À cet égard, Draghi peut être assuré que les autorités de l'UE sont les premières à savoir qu'il y aura des élections générales dans son pays en mars-avril 2023 et que le risque que le populisme de gauche (Mouvement 5 étoiles) et le populisme de droite (Ligue de Salvini) reprennent le contrôle de la situation ne peut être pris à nouveau. En réalité, Cinq étoiles n'a rien à faire dans les élections de 2023, car il s'est révélé être un tel fiasco qu'il est devenu une sorte de "filiale" du Parti démocratique (PD), qui devra trouver une place pour certains de ses dirigeants sur les listes électorales. Mais la Ligue de Salvini, désormais sans discours, mais à tout moment prête à utiliser la démagogie, l'ultra-nationalisme et l'anti-européanisme, saisirait plus que jamais cette opportunité maintenant que le politicien lombard a sombré dans les sondages et doit tout faire pour redevenir l'homme politique le plus populaire du pays.

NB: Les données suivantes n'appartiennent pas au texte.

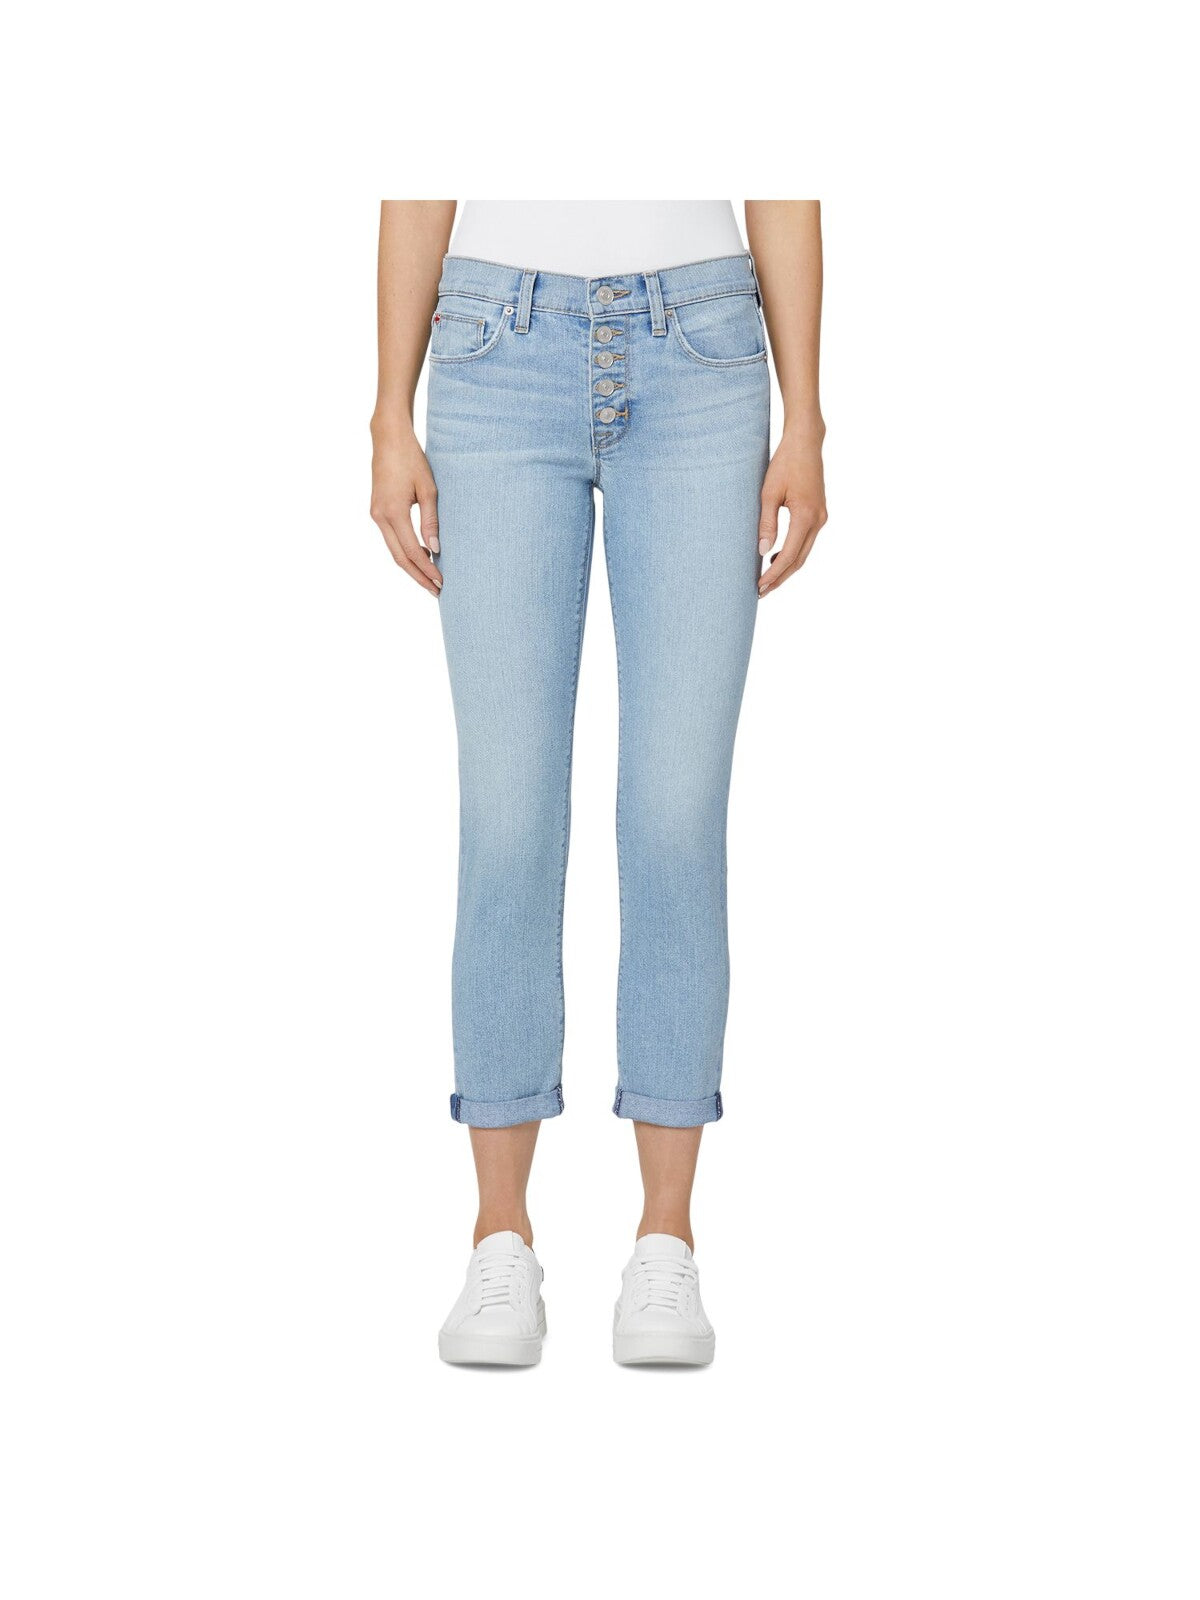 HUDSON Womens Light Blue Denim Pocketed Button Fly Mid-rise Slim Cuffed Jeans 24 Waist

Une autre question est de savoir dans quelle mesure les pays dits "frugaux" - Autriche, Pays-Bas, Danemark, Finlande et Suède - seront "flexibles". Car si l'Allemagne a désormais un chancelier social-démocrate, aux commandes des Finances (le portefeuille le plus étroitement lié aux dépenses nationales et européennes) se trouvent les libéraux de Christian Lindner, connus pour contrôler l'orthodoxie budgétaire, baisser les impôts et réduire toutes les dépenses du secteur public.

En ce moment, tout est paralysé par la guerre avec l'Ukraine, qui pourrait entraîner une augmentation très importante du coût de la vie dans l'UE. Mais cela n'empêche pas les négociations sur les conditions budgétaires pour 2023 et au-delà, et, au moins pour le moment, la seule chose qu'il sait, c'est qu'il y a un refus catégorique de l'Allemagne de modifier le ratio de 60% de la dette nationale par rapport au PIB établi à Maastricht en février 1992. A partir de là, nous verrons comment se déroule la négociation, qui s'annonce très dure.

Il n'est pas illusoire de penser que la même dette pourrait passer de 60 à 80 %, voire à 100 %. Mais même dans ce cas, l'économie transalpine se situerait encore à plus de 50 points au-dessus de ce niveau, conditionnant fortement sa capacité de dépense publique dans la décennie suivante. Bien sûr, la situation est pire pour l'Espagne qui, contrairement à l'Italie, n'a pas comme garantie de paiement le riche nord industriel que possèdent les Italiens, ni un homme du poids spécifique du banquier et de l'économiste romain. Le fait est que, sauf imprévu, le président Mattarella devra convoquer des élections pour mars-avril 2023, mais Sánchez, lui, a de moins en moins de chances de terminer son mandat en Espagne, qui doit se terminer en novembre 2023.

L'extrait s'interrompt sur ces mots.